International campaign by animal rights activists

The World Day for the End of Fishing (WoDEF) is an international campaign launched by animal rights activists that demand the end of fishing practices. It takes place on the last Saturday of March every year.

The campaign was born in Switzerland and France in 2016 and took an international turn in 2017. It was first launched by the association Pour L'Égalité Animale (PEA).

== Events ==
Over the years and around the world lots of actions were organized for the WoDEF: street protests, sit-ins, screenings, conferences, fish counts, workshops, exhibitions, etc. in order to bring awareness to fish pain, sentience and fish intelligence.

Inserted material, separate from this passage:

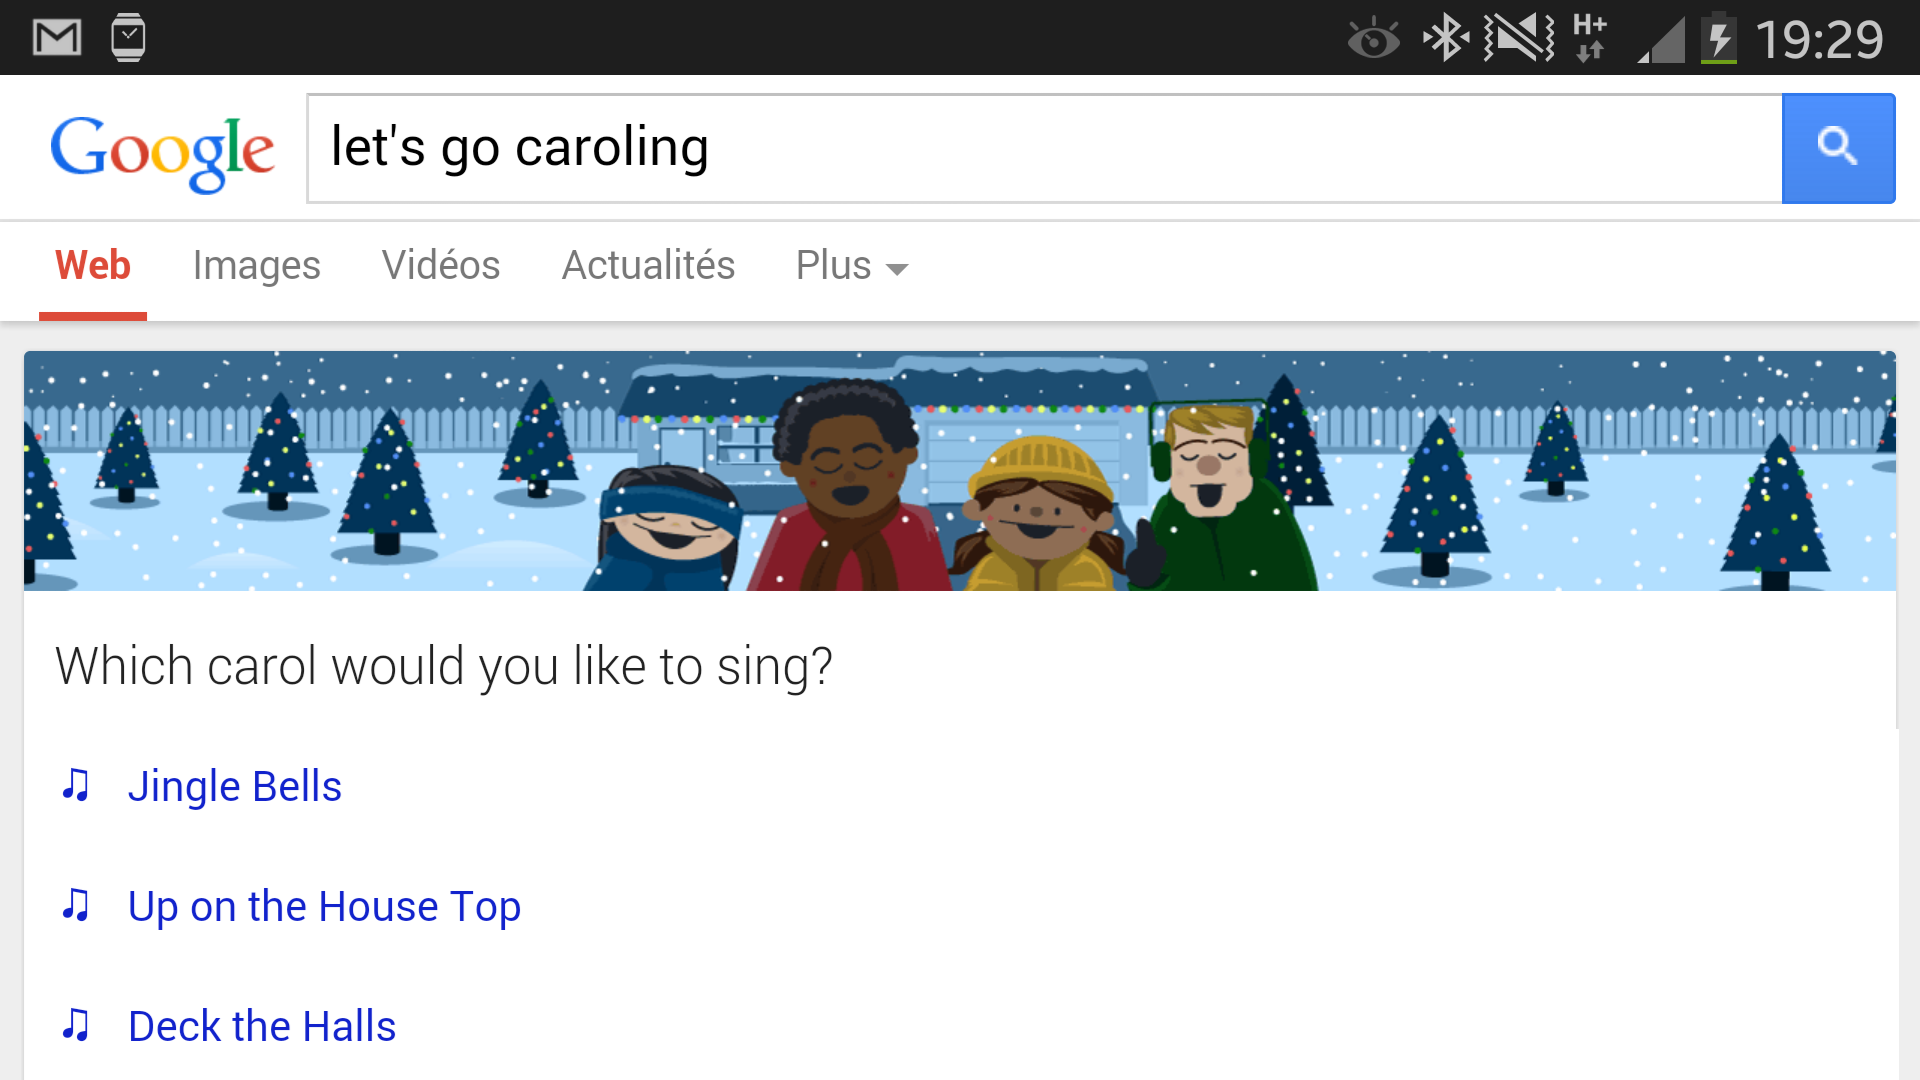 Easter Egg Google : tapez "let's go caroling" sur votre mobile et préparez-vous à chanter!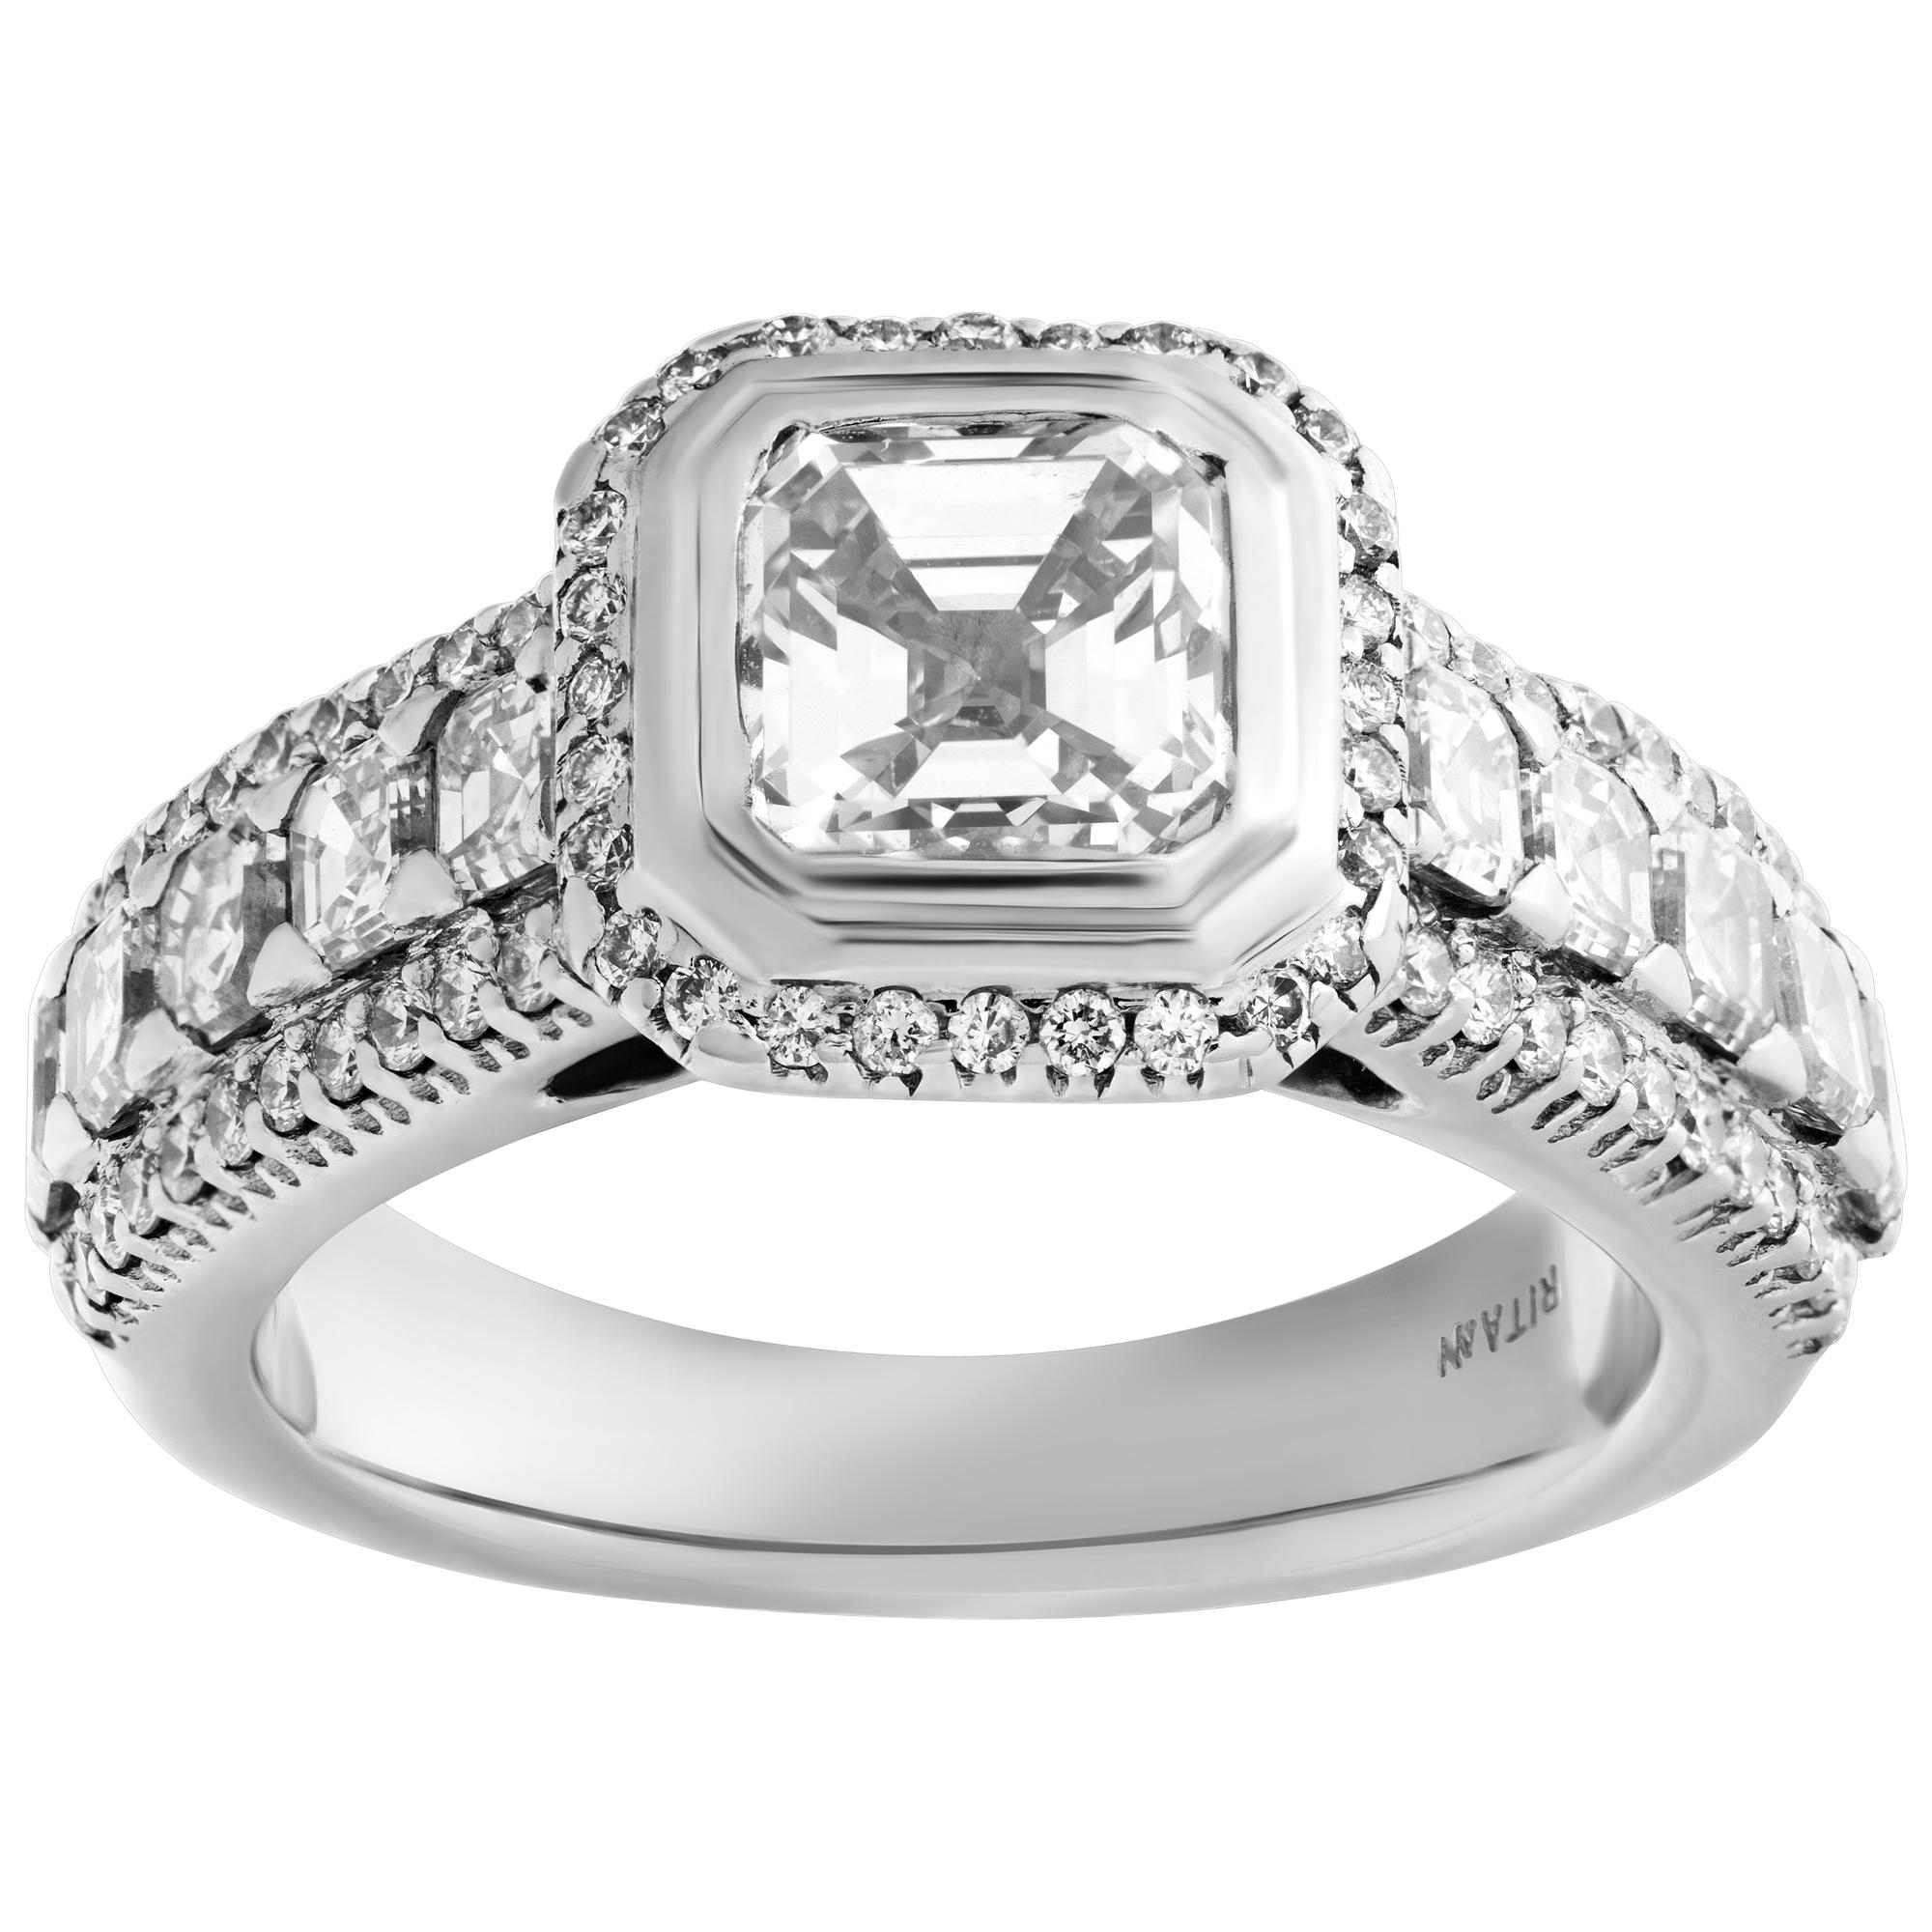 White gold diamond ring w/ mounted diamond set in white gold w/ diamond accents

In 2017, for its first edition, the event occurred in many cities around the world: in Lorient, Paris, Valence, Lyon, Lille, Montpellier, Saint Malo, Rennes (France), Geneva, Lausanne (Swiss), Brussels, Namur, Charleroi (Belgium), Montreal, Toronto (Canada), Stuttgart, Vogelsberg, Siegen, Hannover, Göttingen, Hamburg, Berlin (Germany), Lisbon (Portugal), Tel Aviv, Haifa (Israel), Melbourne (Australia), San Diego and Monterey Bay (United States).

In 2018, for its second edition, the event occurred once again internationally: in Canada, Australia, Belgium, Switzerland, Peru, Sweden, United States, Germany, Japan, Brazil, France, Denmark, Mexico, United Kingdom and Panama. In the same year, an open letter signed by dozens of philosophers and scientists, including Stevan Harnard, Peter Singer, Valéry Giroux, Sue Donaldson, Will Kymlicka and Élise Desaulniers, was published in Le Nouveau Magazine Littéraire in order to highlight the WoDEF.

In 2019, for its third edition, activists from 269 Life France pierced their cheeks with fish hooks in a street protest for the WoDEF.

== Demands ==
The organizers of the Word Day for the End of Fishing demand the abolition of all kinds of fishing practices for fish, crustaceans and cephalopods: the end of aquaculture, industrial or wild fishing, the use of marine animals as domestic pets, in scientific experiments and for entertainment, in antispeciesist perspective.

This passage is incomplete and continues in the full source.